What you will do » Give again, word for word, only the lines of the material below from its first line through the one that holds "Polycarbonat Stegplatte |"; pictures stay out.

[[ Supplied material, beginning ]]

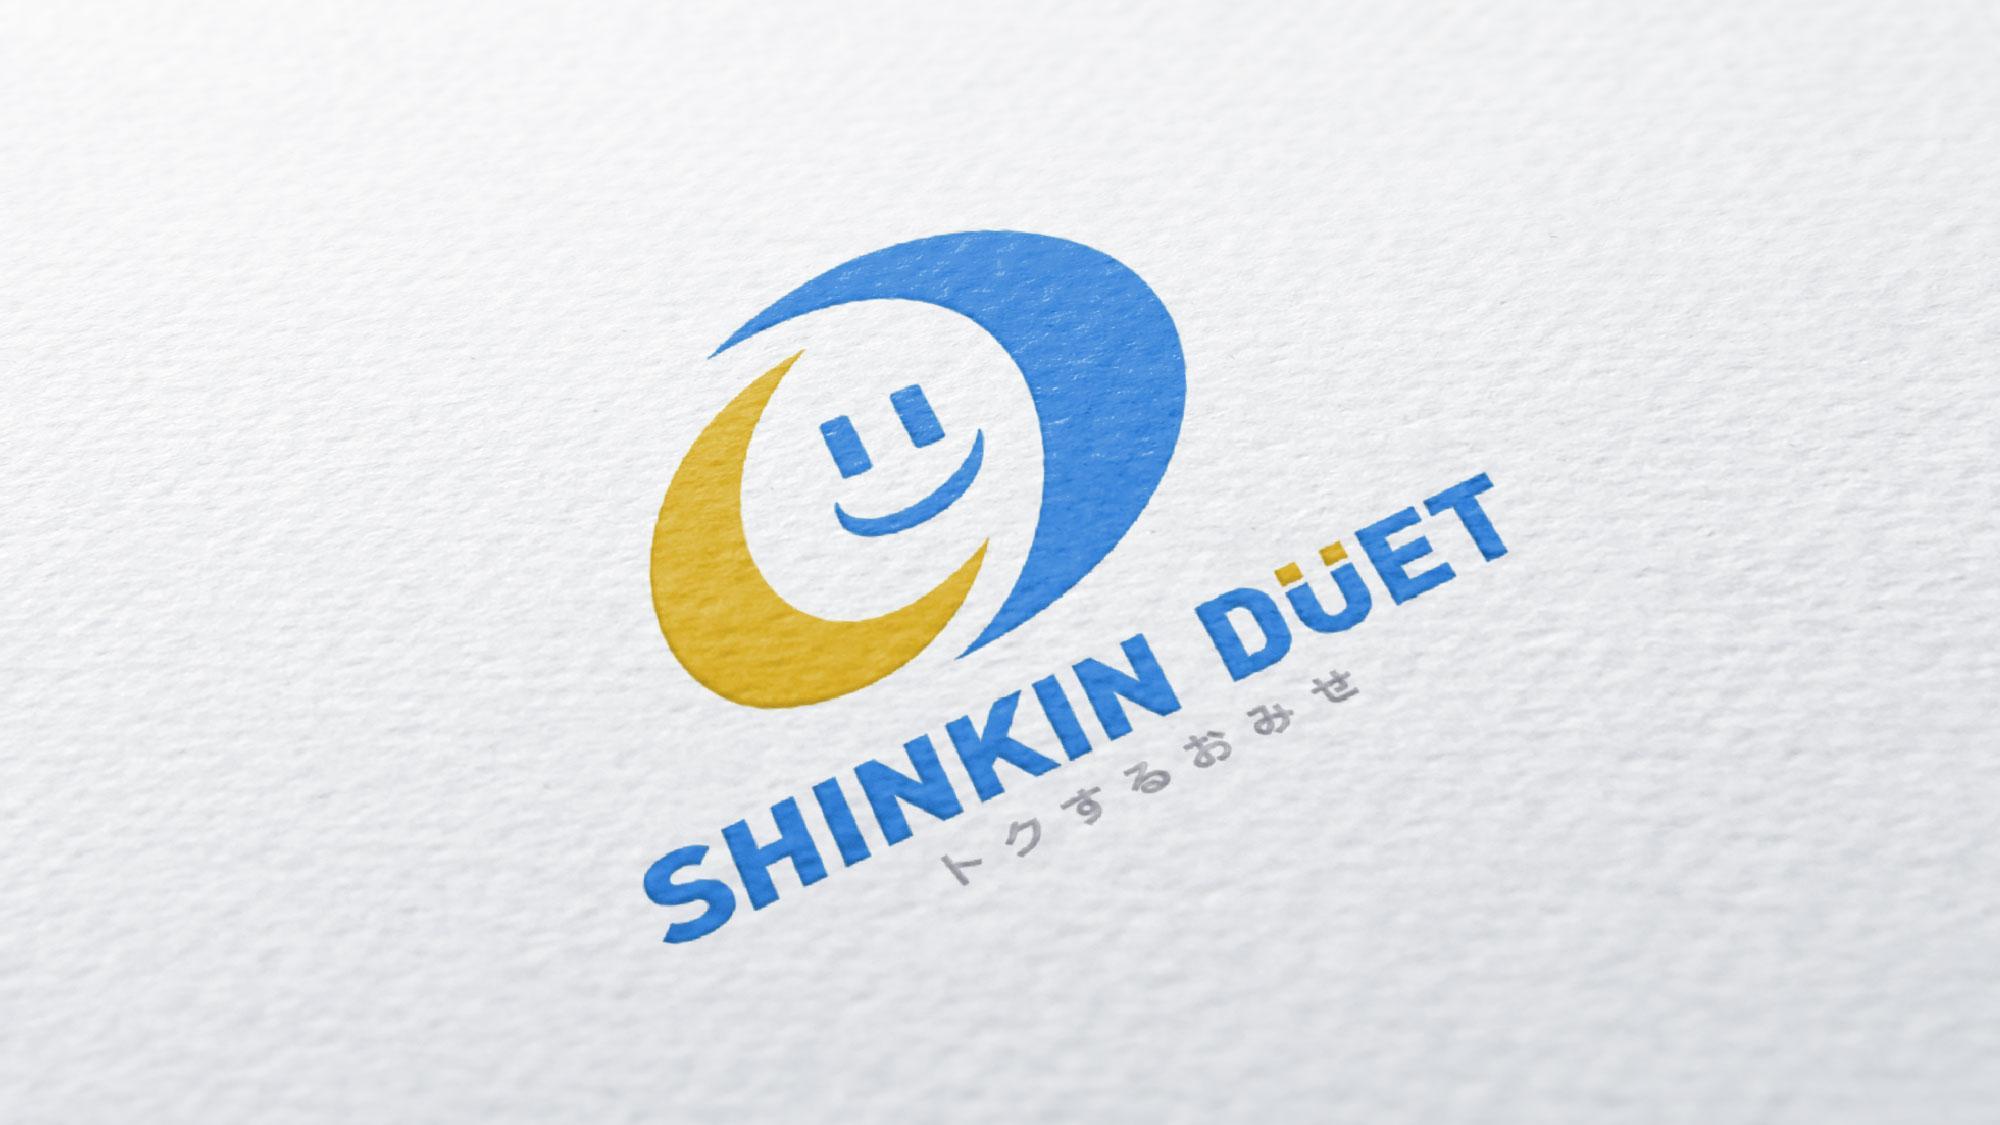 Credit Card Company Logo - Credit Card Company Logo. CHUBU SHINKIN BANK CARD Co., Ltd
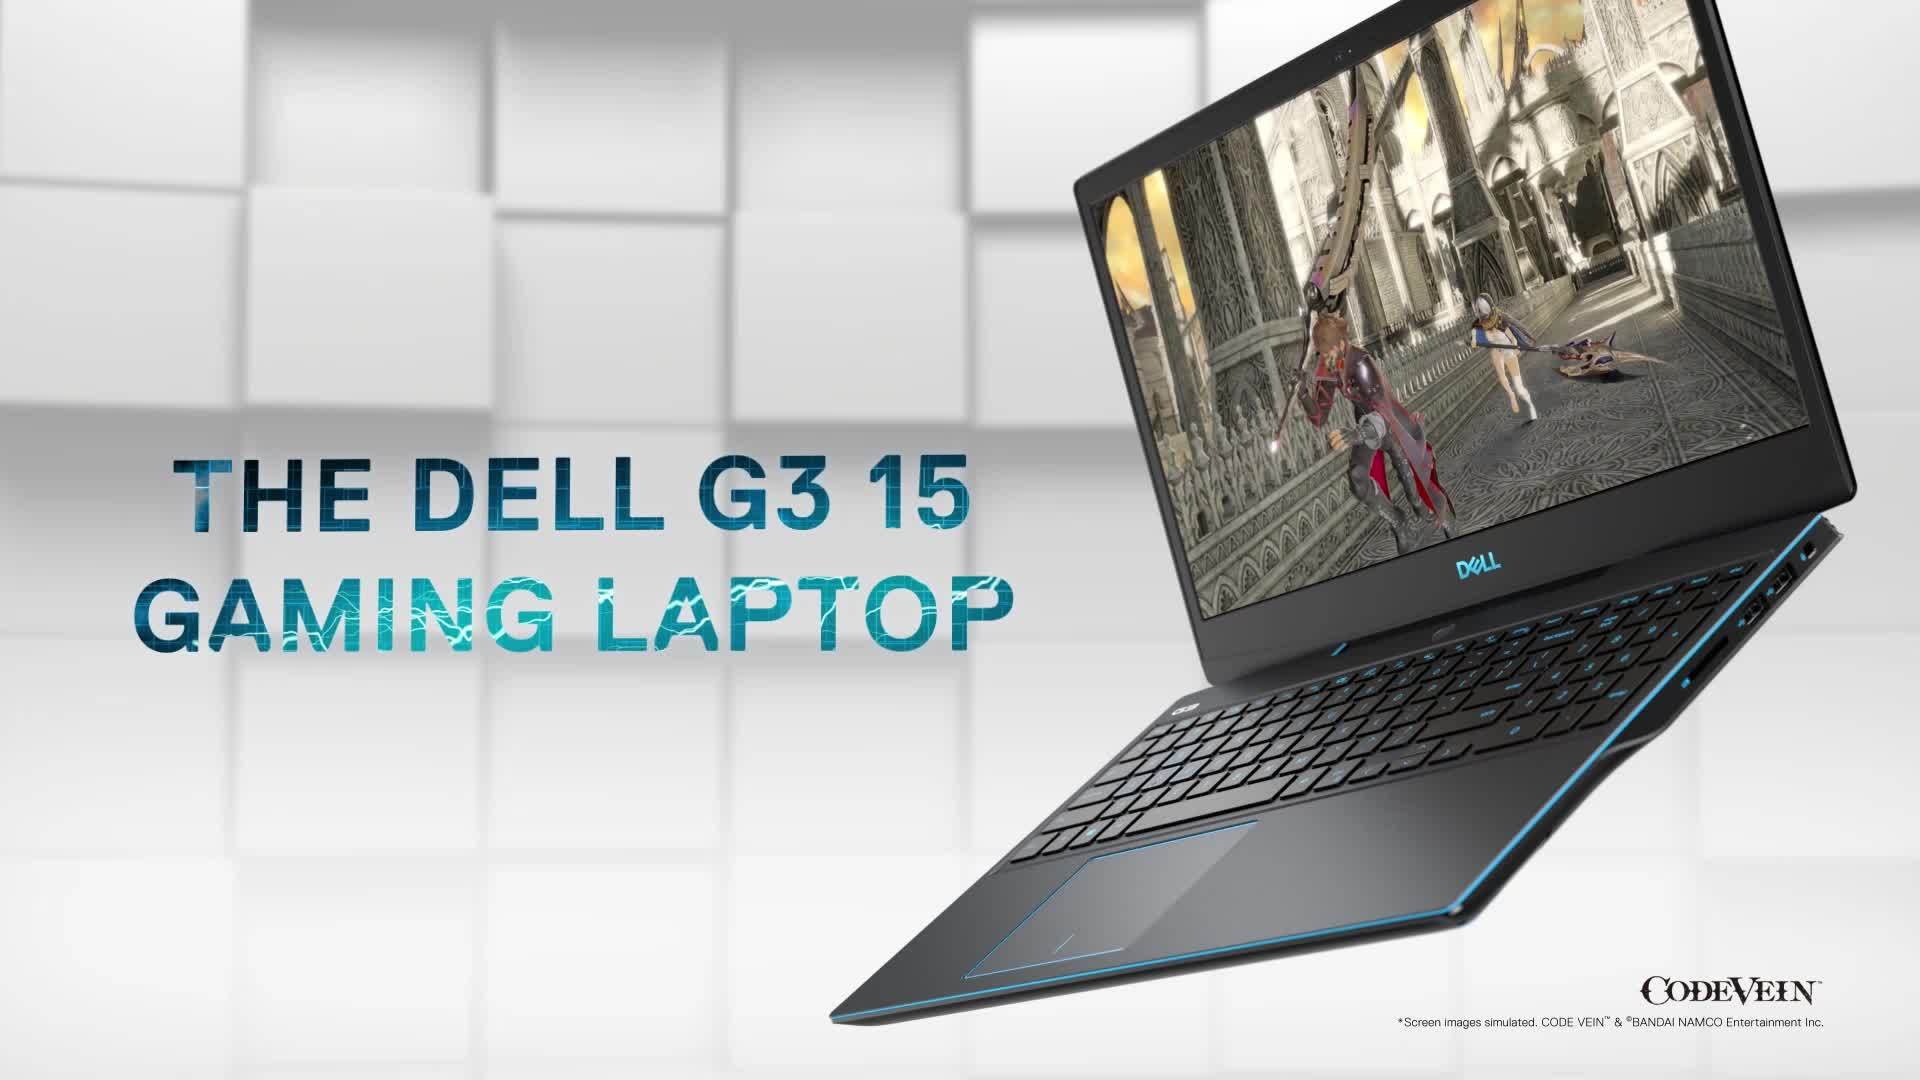 تعريفات ديل انسيبريون 3500 : Dell G3 15 6 Gaming Laptop Intel Core I5 8gb Memory Nvidia Geforce ...
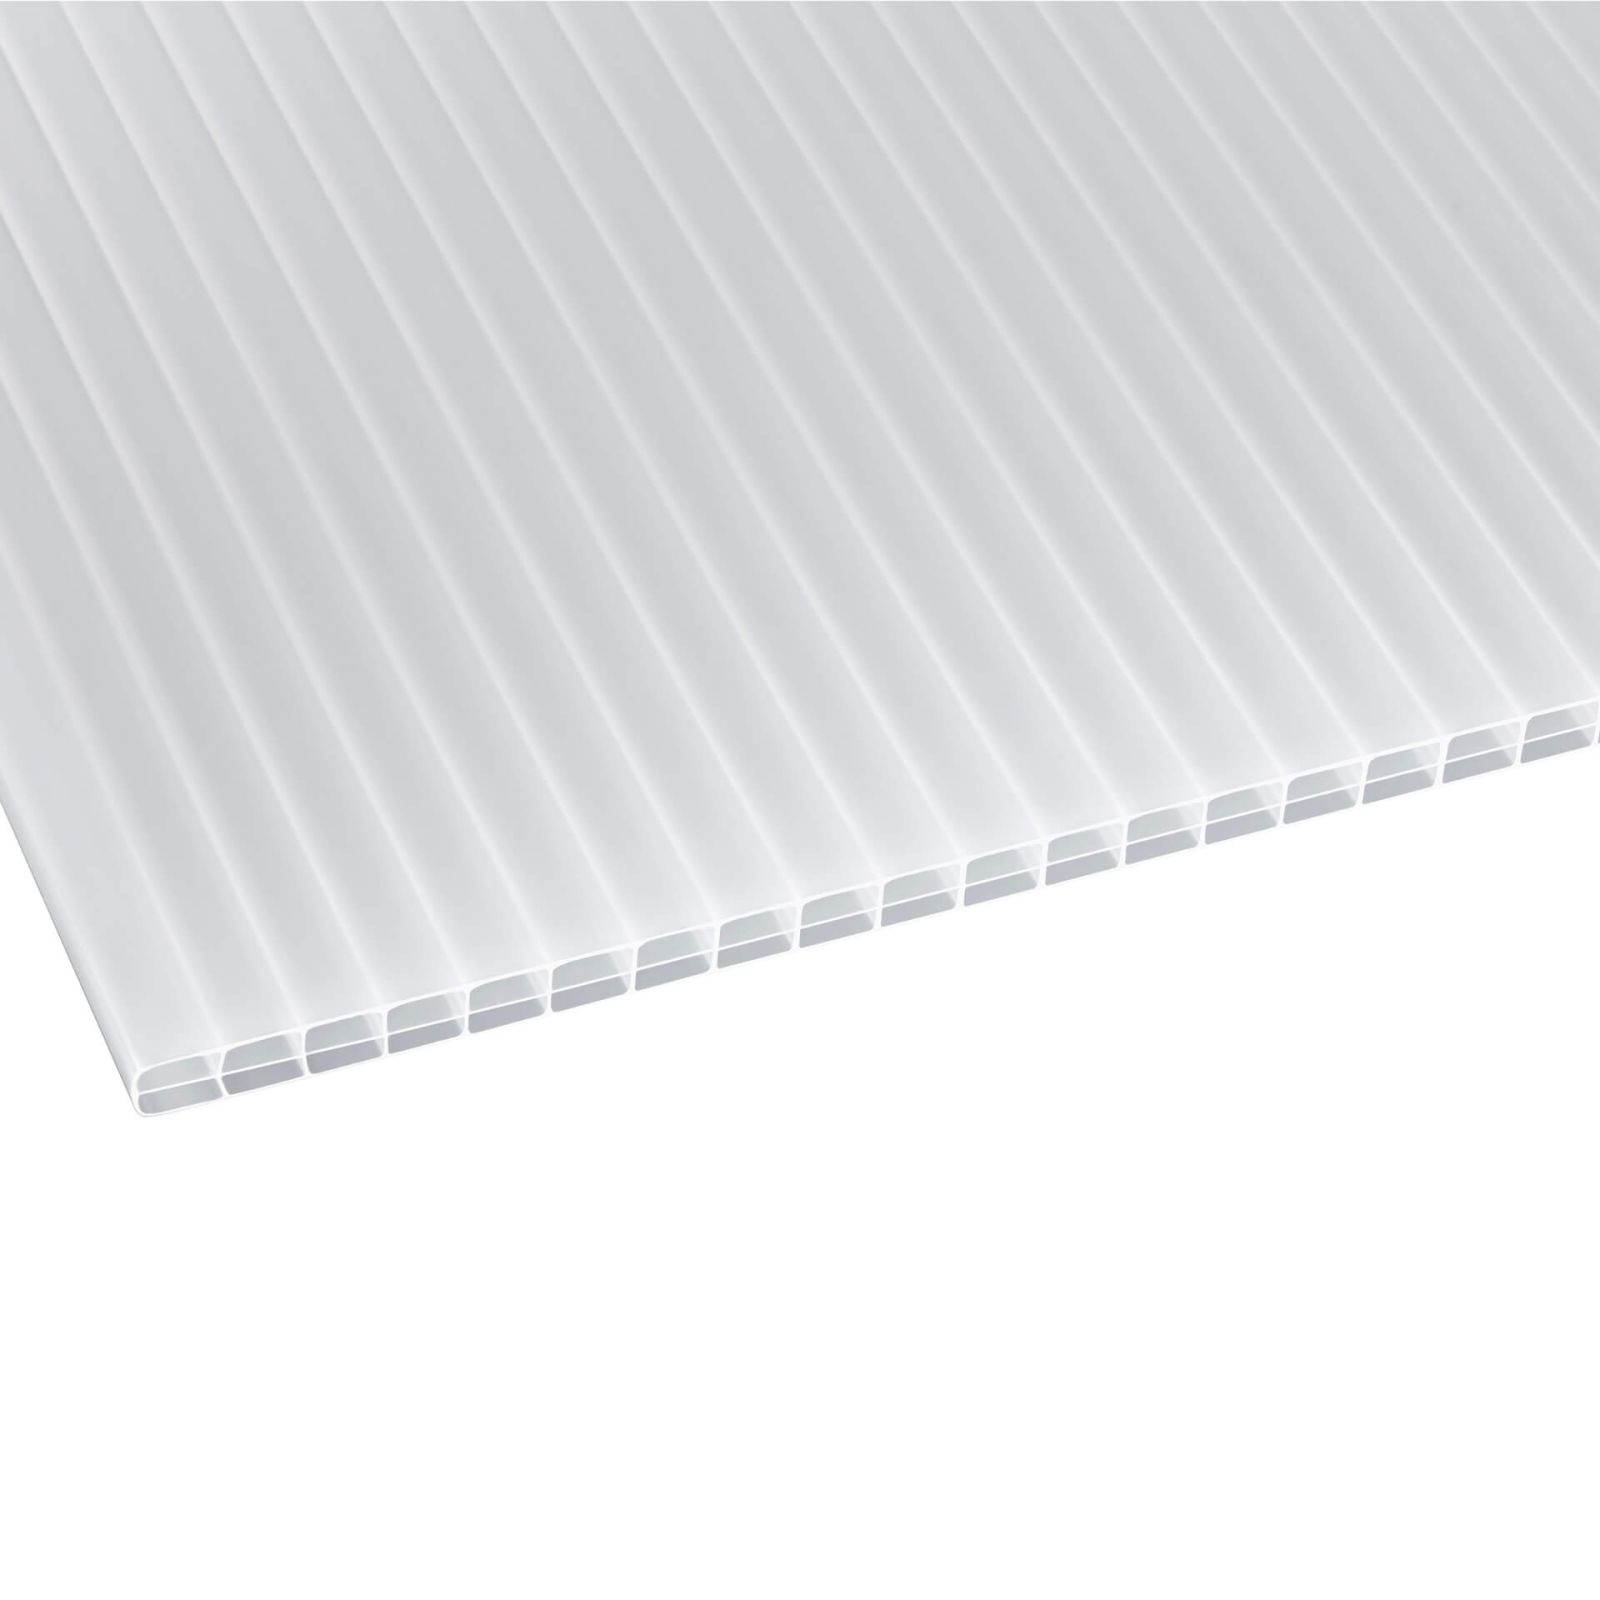 Polycarbonat Stegplatte | 16 mm | Profil A1 | Sparpaket | Plattenbreite 1200 mm | Opal Weiß | Blueline | Breite 3,74 m | Länge 2,00 m #3
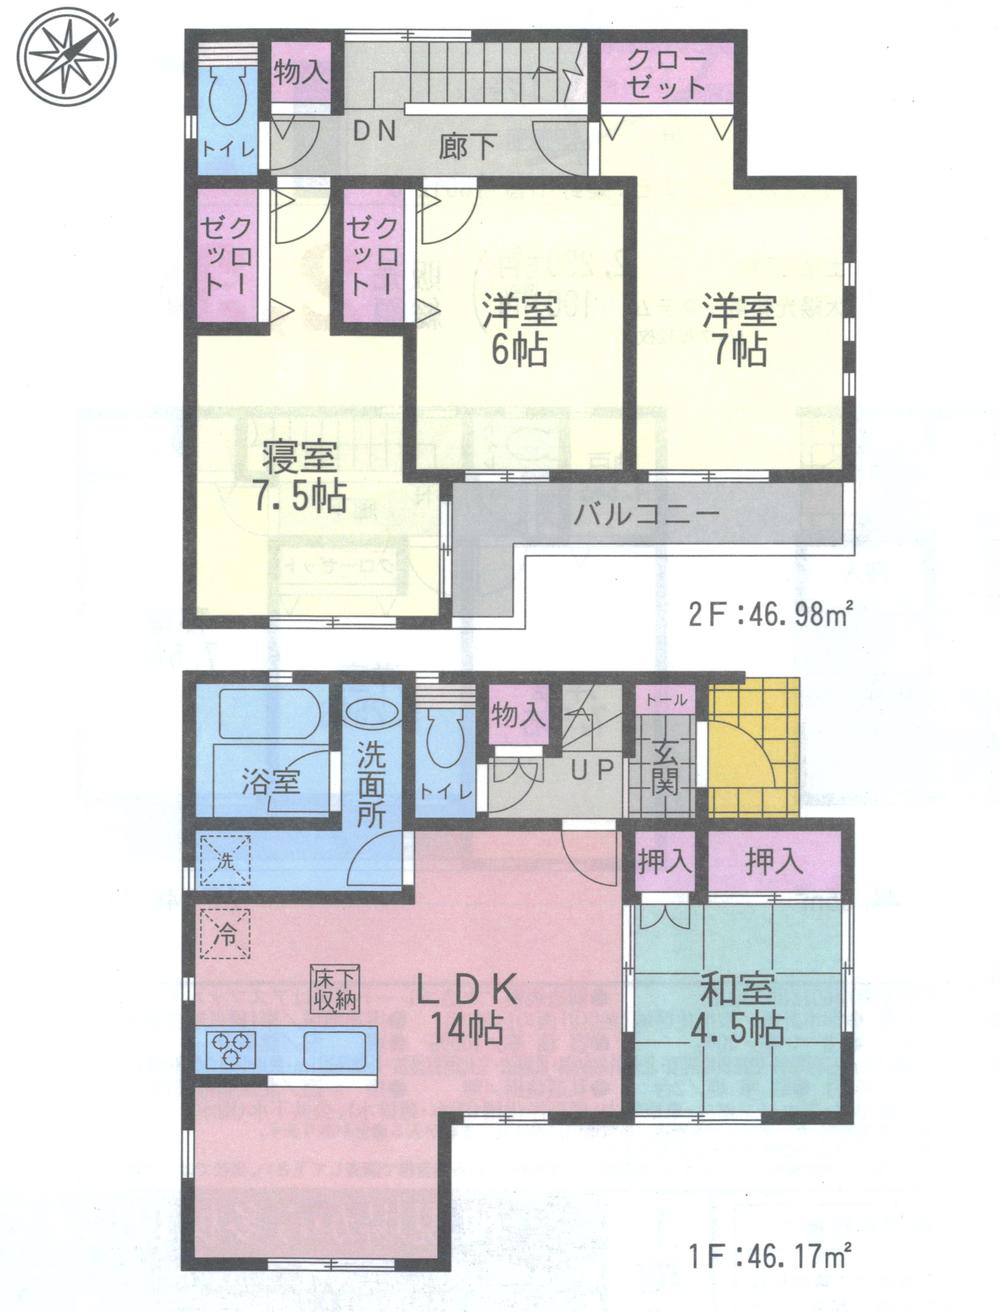 Floor plan. 20.8 million yen, 4LDK, Land area 145.48 sq m , Building area 93.15 sq m

[[ Supplied material, end ]]

Exercise result »
 Credit Card Company Logo - Credit Card Company Logo. CHUBU SHINKIN BANK CARD Co., Ltd
 تعريفات ديل انسيبريون 3500 : Dell G3 15 6 Gaming Laptop Intel Core I5 8gb Memory Nvidia Geforce ...
 Polycarbonat Stegplatte | 16 mm | Profil A1 | Sparpaket | Plattenbreite 1200 mm | Opal Weiß | Blueline | Breite 3,74 m | Länge 2,00 m #3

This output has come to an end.